------ DATA FOR ANALYSIS ------

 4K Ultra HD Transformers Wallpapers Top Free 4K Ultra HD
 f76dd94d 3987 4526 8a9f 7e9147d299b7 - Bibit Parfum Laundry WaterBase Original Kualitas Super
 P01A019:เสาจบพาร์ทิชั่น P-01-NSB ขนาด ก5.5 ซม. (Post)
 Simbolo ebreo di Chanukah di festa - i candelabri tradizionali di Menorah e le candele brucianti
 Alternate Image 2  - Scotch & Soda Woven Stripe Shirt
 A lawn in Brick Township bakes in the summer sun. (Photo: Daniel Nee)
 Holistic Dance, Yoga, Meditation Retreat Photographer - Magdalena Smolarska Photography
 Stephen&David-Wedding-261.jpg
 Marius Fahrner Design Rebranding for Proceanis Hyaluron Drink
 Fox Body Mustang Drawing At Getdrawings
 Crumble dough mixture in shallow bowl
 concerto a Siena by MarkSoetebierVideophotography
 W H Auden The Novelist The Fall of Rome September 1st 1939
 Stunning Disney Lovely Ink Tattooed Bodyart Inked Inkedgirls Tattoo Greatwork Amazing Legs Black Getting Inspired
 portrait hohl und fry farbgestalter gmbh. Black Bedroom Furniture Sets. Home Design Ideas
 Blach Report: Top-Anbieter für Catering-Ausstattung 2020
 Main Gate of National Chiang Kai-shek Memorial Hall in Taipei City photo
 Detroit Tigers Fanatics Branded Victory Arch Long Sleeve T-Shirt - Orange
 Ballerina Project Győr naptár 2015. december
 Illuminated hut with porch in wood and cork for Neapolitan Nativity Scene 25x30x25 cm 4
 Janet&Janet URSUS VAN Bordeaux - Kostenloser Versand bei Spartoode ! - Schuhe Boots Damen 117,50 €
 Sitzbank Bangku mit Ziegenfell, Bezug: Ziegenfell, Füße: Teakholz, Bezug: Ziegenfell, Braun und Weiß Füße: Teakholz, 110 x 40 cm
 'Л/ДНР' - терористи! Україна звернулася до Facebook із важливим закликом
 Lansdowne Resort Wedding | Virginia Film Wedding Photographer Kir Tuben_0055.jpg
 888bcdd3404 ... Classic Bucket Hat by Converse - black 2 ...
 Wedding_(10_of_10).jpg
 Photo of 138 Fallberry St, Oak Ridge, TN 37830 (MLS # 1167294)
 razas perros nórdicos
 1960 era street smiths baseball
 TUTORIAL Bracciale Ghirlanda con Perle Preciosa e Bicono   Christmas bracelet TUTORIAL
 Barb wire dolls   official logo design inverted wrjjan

------

(PROBLEM DETAILS):
From the line containing "P01A019:เสาจบพาร์ทิชั่น P-01-NSB ขนาด" through the last line of the entries above, print every line exactly, including both ends, and nothing else.

(WRITTEN SOLUTION):
 P01A019:เสาจบพาร์ทิชั่น P-01-NSB ขนาด ก5.5 ซม. (Post)
 Simbolo ebreo di Chanukah di festa - i candelabri tradizionali di Menorah e le candele brucianti
 Alternate Image 2  - Scotch & Soda Woven Stripe Shirt
 A lawn in Brick Township bakes in the summer sun. (Photo: Daniel Nee)
 Holistic Dance, Yoga, Meditation Retreat Photographer - Magdalena Smolarska Photography
 Stephen&David-Wedding-261.jpg
 Marius Fahrner Design Rebranding for Proceanis Hyaluron Drink
 Fox Body Mustang Drawing At Getdrawings
 Crumble dough mixture in shallow bowl
 concerto a Siena by MarkSoetebierVideophotography
 W H Auden The Novelist The Fall of Rome September 1st 1939
 Stunning Disney Lovely Ink Tattooed Bodyart Inked Inkedgirls Tattoo Greatwork Amazing Legs Black Getting Inspired
 portrait hohl und fry farbgestalter gmbh. Black Bedroom Furniture Sets. Home Design Ideas
 Blach Report: Top-Anbieter für Catering-Ausstattung 2020
 Main Gate of National Chiang Kai-shek Memorial Hall in Taipei City photo
 Detroit Tigers Fanatics Branded Victory Arch Long Sleeve T-Shirt - Orange
 Ballerina Project Győr naptár 2015. december
 Illuminated hut with porch in wood and cork for Neapolitan Nativity Scene 25x30x25 cm 4
 Janet&Janet URSUS VAN Bordeaux - Kostenloser Versand bei Spartoode ! - Schuhe Boots Damen 117,50 €
 Sitzbank Bangku mit Ziegenfell, Bezug: Ziegenfell, Füße: Teakholz, Bezug: Ziegenfell, Braun und Weiß Füße: Teakholz, 110 x 40 cm
 'Л/ДНР' - терористи! Україна звернулася до Facebook із важливим закликом
 Lansdowne Resort Wedding | Virginia Film Wedding Photographer Kir Tuben_0055.jpg
 888bcdd3404 ... Classic Bucket Hat by Converse - black 2 ...
 Wedding_(10_of_10).jpg
 Photo of 138 Fallberry St, Oak Ridge, TN 37830 (MLS # 1167294)
 razas perros nórdicos
 1960 era street smiths baseball
 TUTORIAL Bracciale Ghirlanda con Perle Preciosa e Bicono   Christmas bracelet TUTORIAL
 Barb wire dolls   official logo design inverted wrjjan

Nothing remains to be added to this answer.